Azure Synapse (Dedicated SQL Pool) External Tables

Overview

Azure Dedicated SQL Pool is the data warehouse engine within Azure Synapse Analytics. Azure Synapse is the broader analytics service that brings together data warehousing, big data analytics, data integration, and orchestration under a single workspace. When you create a Dedicated SQL Pool, it runs inside a Synapse workspace and is managed, secured, and accessed through Synapse.

From a functional perspective, Dedicated SQL Pool is the successor to Azure SQL Data Warehouse and provides massively parallel processing (MPP) for analytical workloads. Features such as external tables, PolyBase, and access to Azure Blob Storage and Azure Data Lake Storage Gen2 are capabilities of the Dedicated SQL Pool engine, even though they are configured and operated through Azure Synapse.

In practice, this means that when documentation refers to Azure Dedicated SQL Pool external tables, it is referring to external tables created and queried within a Synapse-managed Dedicated SQL Pool.

Create Dedicated SQL Pool External Tables

Types of external tables

Depending on the type of the external data source, you can use two types of external tables:

  • Hadoop external tables : Legacy external tables in Synapse that use PolyBase and Hadoop/WebHDFS protocols to query data in Blob Storage or ADLS.
  • Native external tables : Modern external tables that use Synapse’s native storage APIs to query data in ADLS or Blob Storage.

File Type Support

File TypeAzure Synapse (Dedicated SQL Pool) Hadoop external tablesAzure Synapse (Dedicated SQL Pool) Native external tables
CSV
JSON
Parquet
ORC
Hive RCFile (Record Columnar File)
RCFile (Record Columnar File)

File type support is controlled by Azure.
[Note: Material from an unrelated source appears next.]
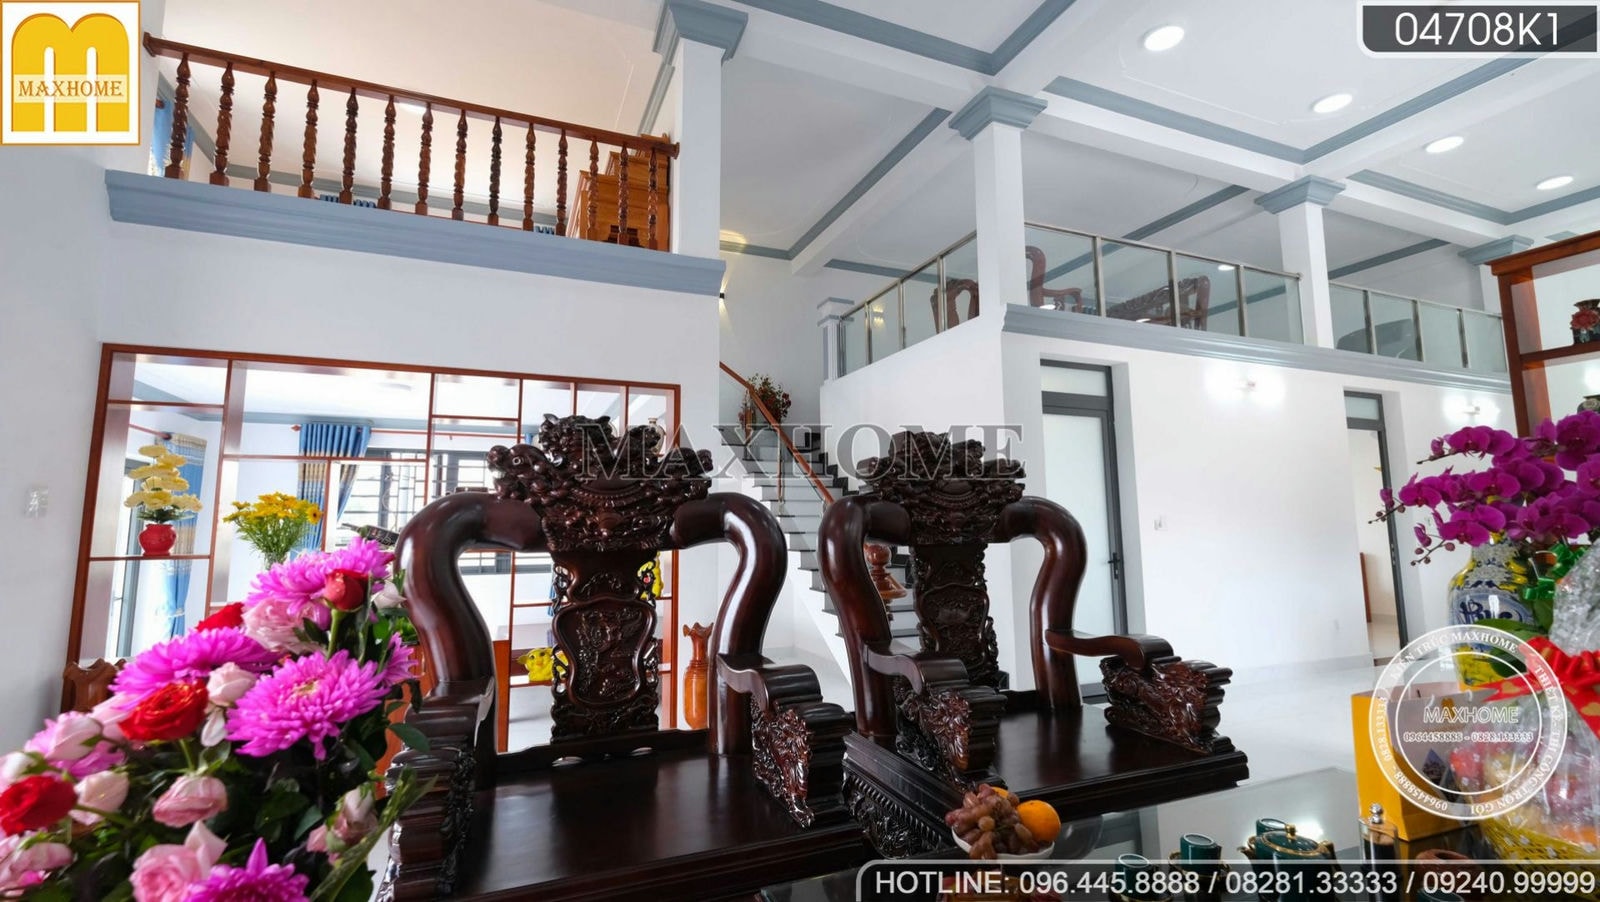 Maxhome hoàn thiện bộ nội thất full gỗ sang trọng cho ngôi nhà vườn mái Thái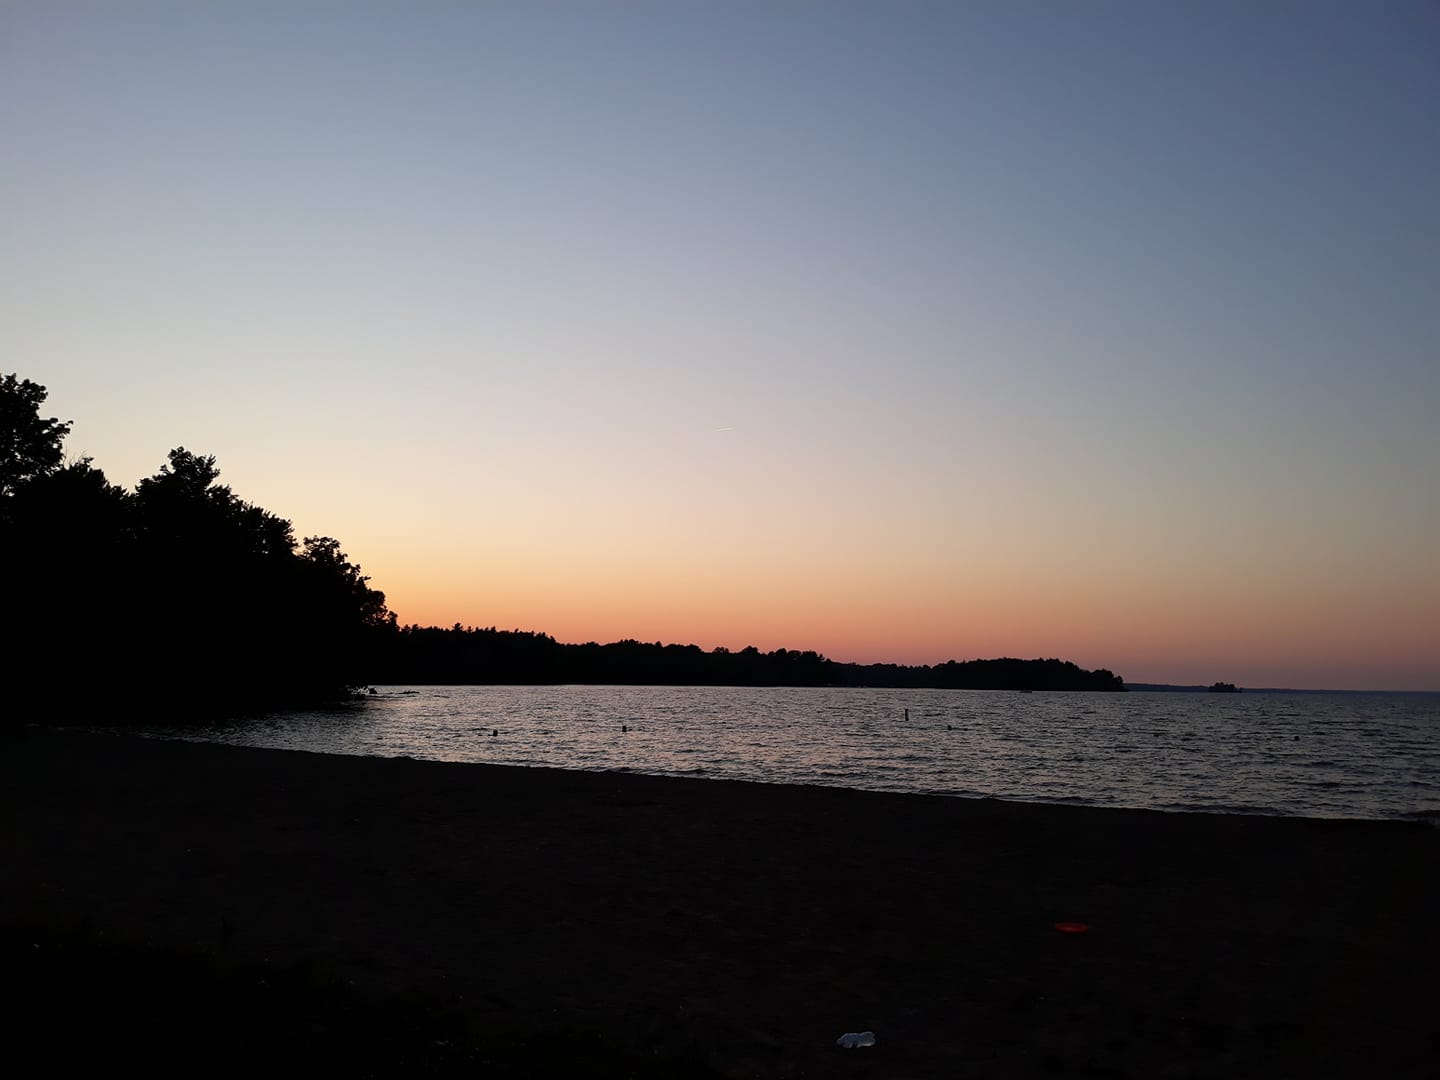 Lake Pymatuning beach area, at sunset.

Please reach out to Azure if you need additional file formats supported.


Steps

👍

Already have external tables in your Dedicated SQL Pool?

If you already have external tables in your Dedicated SQL pool, skip to Add Dedicated SQL Pool integration in Monte Carlo.

You can create and monitor external tables in Dedicated SQL pools via the following steps:

  1. CREATE EXTERNAL DATA SOURCE to reference an external Azure storage and specify the credential that should be used to access the storage.
  2. CREATE EXTERNAL FILE FORMAT to describe format of files.
  3. CREATE EXTERNAL TABLE on top of the files placed on the data source with the same file format.
  4. Add Azure Dedicated SQL Pool integration in Monte Carlo.
  5. Create Table Monitors for the external tables.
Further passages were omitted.